The Holding Company and the Owner-Manager

By: Wesley Brown

Should I have a holding company? 

I am frequently asked this question.  And my answer changes from client to client. Holding companies are like shirts – while one size fits many, it is not right for most.  Sometimes, holding companies are a waste of money that also obfuscate, create confusion and take-up time with accountants, tax auditors and lawyers.  In other circumstances, holding companies may serve to save taxes, protect accumulating profits and enable tax efficient allocation of financial resources between different operating companies according to their needs.

Many of the supposed benefits of holding companies can be obtained in other ways that are either simpler or more effective. For example, it is often said that holding companies enable the shares to be issued to spouses and adult children, with several benefits, including: (a) corporate income may then be “split” with lower income family members by paying dividends; and (b) the one-time lifetime capital gains exemption can be multiplied with a spouse and adult children.  The owner-manager can achieve the same result with some thoughtful planning when first setting up. Alternatively, a subsequent re-organization could create a discretionary family trust to own the shares for the family to provide these tax opportunities (along with other family and non-tax business objectives).

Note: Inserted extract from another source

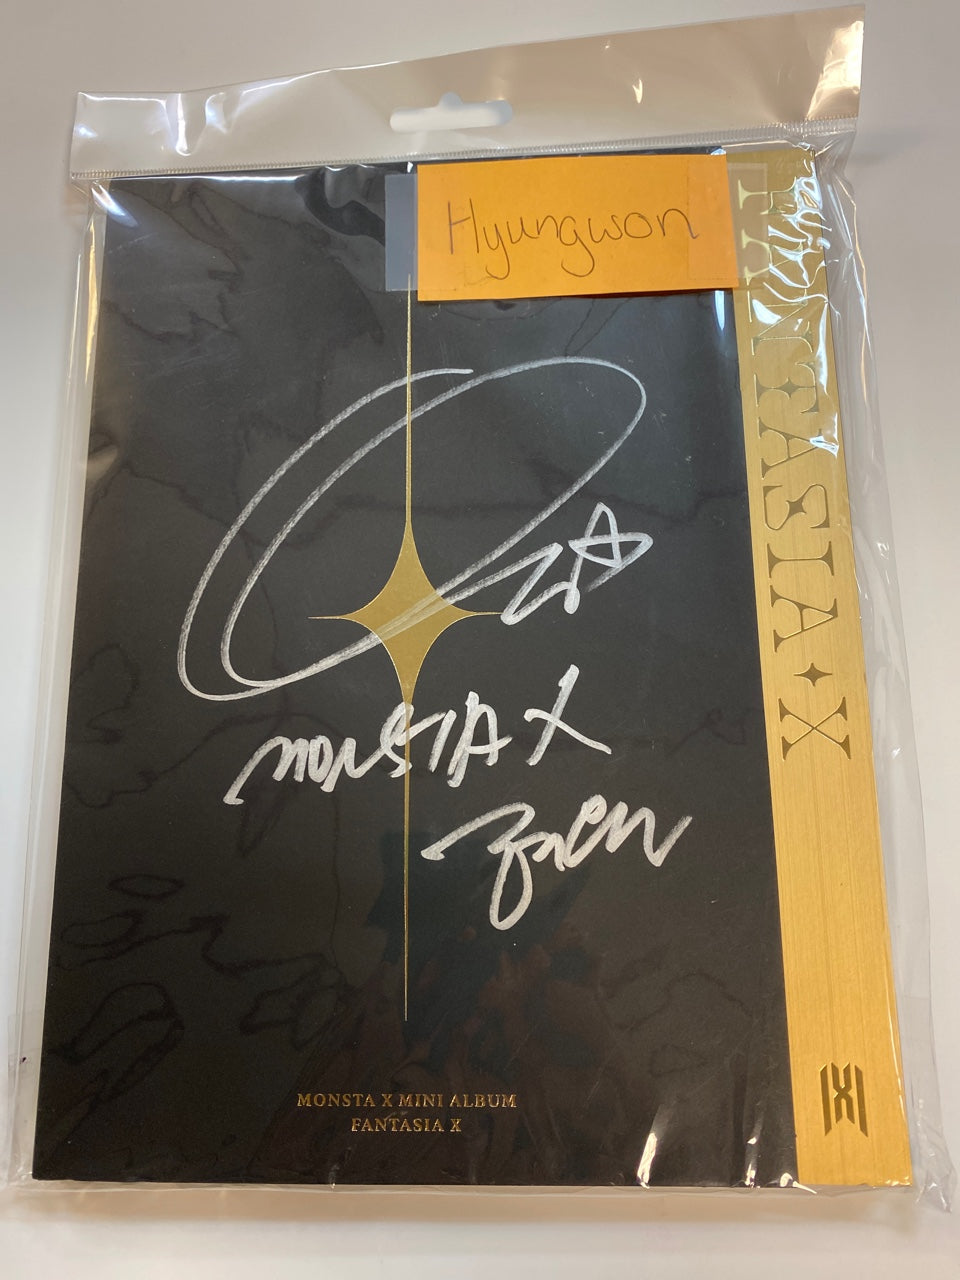 hyungwon signed

Whether a holding company is likely to be a material advantage, or any benefit at all, often depends on the source of income that the holding company is likely to earn. If it will earn passive income (such as interest and dividends from a portfolio of financial investments in stocks and bonds), the holding company does not have a significant advantage because it is required to pay refundable “Part IV tax” on such income.  This Part IV tax, refunded to the company when it pays dividends at the rate of $1 for every $3 of dividends, eliminates the deferral of tax which would otherwise be available to the holding company for passive income.

The Part IV tax does not apply to dividends received from “connected” corporations.  An operating company with active business profits that is controlled by the holding company will be “connected” with the holding company.  Dividends of the operating company’s profits to the holding company that controls it are tax-free to the holding company.   This creates one of the most significant benefits of a holding company for most owner-managers, because having received the profits from the holding company free of tax, the holding company will have more capital on an after-tax basis for investment.

Even if the holding company does nothing more than invest in a portfolio of stocks and bonds, the tax deferral on the receipt of active business profits are significant and worth while, especially with the benefits of compounding over time.

Often, the owner-manager will have other uses for tax-free dividends from an operating company.  If profits need to be retained in the business to finance its growth or reduce reliance on bank debt, it is a simple matter to distribute the profits out of the operating company to the holding company on a tax-free basis, and then have the holding company lend them back to the operating company as a secured loan.  In effect, the profits retained in the business become secured against the claims of general creditors should the operating business become unsuccessful or suffer a large catastrophic loss.

Finally, she can use the holding company to invest by secured or unsecured loan or equity capital in a different business.  In effect, the holding company does not pay tax on dividends out of active business profits, she can tax effectively use the holding company to invest profits of one operating company to fund the operations of her other operations, with some added creditor protection.